Reach for something else when the workload serves HTTP or needs to stay warm (that’s a Cloud Run service), when you need rich DAG orchestration with dependencies between steps (Cloud Composer / Workflows), or when a sub-second, event-driven function is a better fit (Cloud Run functions). Jobs have a hard per-task timeout ceiling and no inbound networking.
Module structure
terraform-module-gcp-cloud-run-jobs/
├── versions.tf
├── main.tf
├── variables.tf
└── outputs.tf
versions.tf
terraform {
required_version = ">= 1.5.0"
required_providers {
google = {
source = "hashicorp/google"
version = "~> 5.0"
}
}
}
main.tf
locals {
# Plain (non-secret) environment variables -> name/value pairs.
plain_env = [
for k, v in var.env_vars : {
name = k
value = v
}
]
# Secret-backed environment variables -> name + value_source ref.

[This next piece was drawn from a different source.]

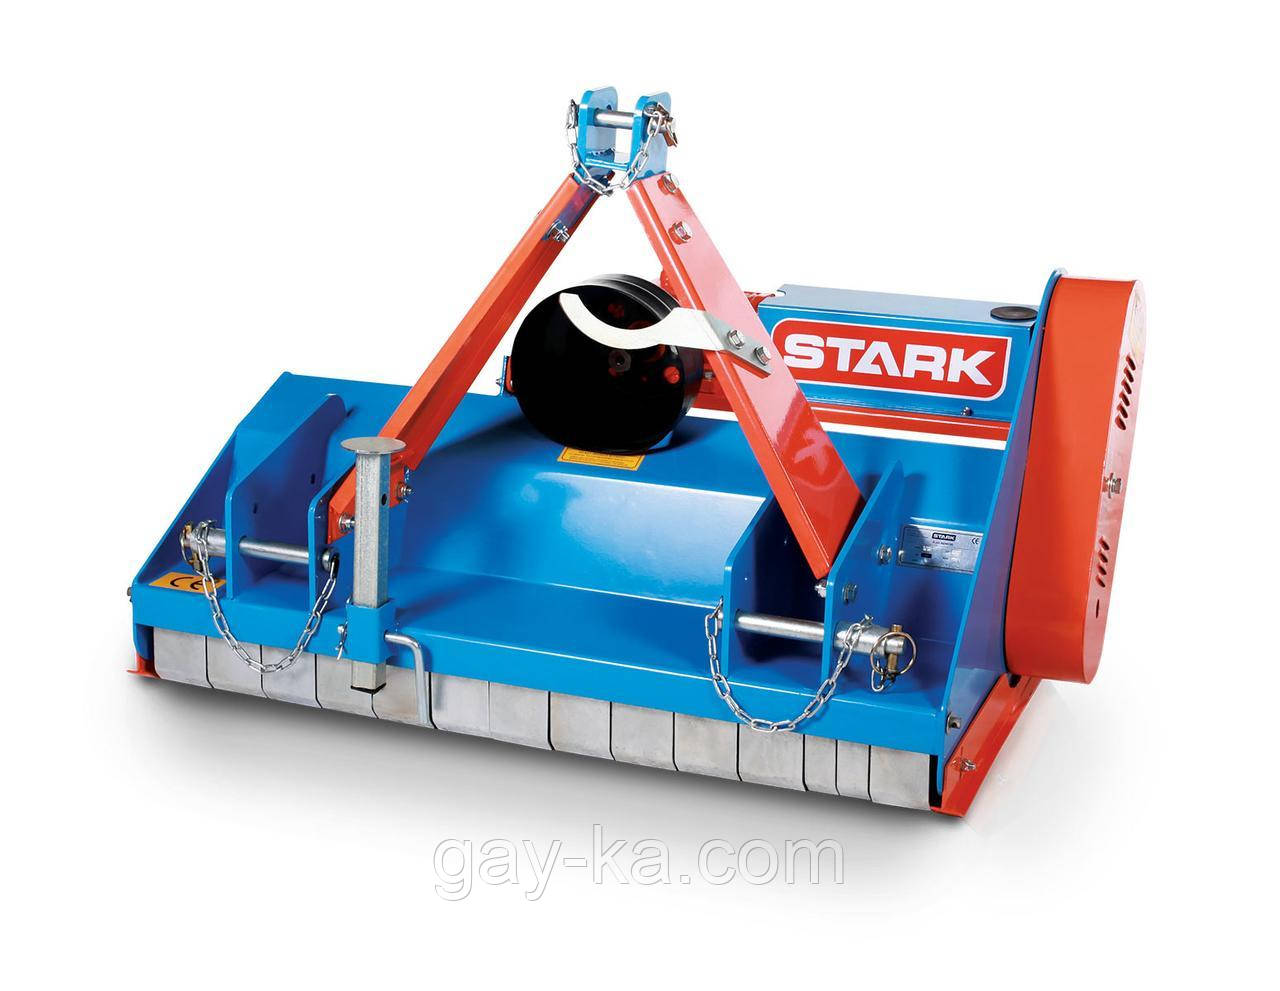 Мульчирователь KS 95 STARK (0,95 м, ножи) (Литва)

# Map key is the env var name; value points at a Secret Manager secret + version.
secret_env = [
for name, ref in var.secret_env_vars : {
name = name
secret = ref.secret
version = ref.version
}
]
# Only build a VPC access block when a subnetwork (Direct VPC egress) is set.
vpc_access_enabled = var.vpc_subnetwork != null
}
resource "google_cloud_run_v2_job" "this" {
name = var.name
location = var.location
project = var.project_id
labels = var.labels
launch_stage = var.launch_stage
# Fail the apply (rather than silently delete) if Terraform would replace
# a job that has executions, when the caller opts into that guardrail.
deletion_protection = var.deletion_protection
template {
# How many tasks the execution fans out into, and how many run at once.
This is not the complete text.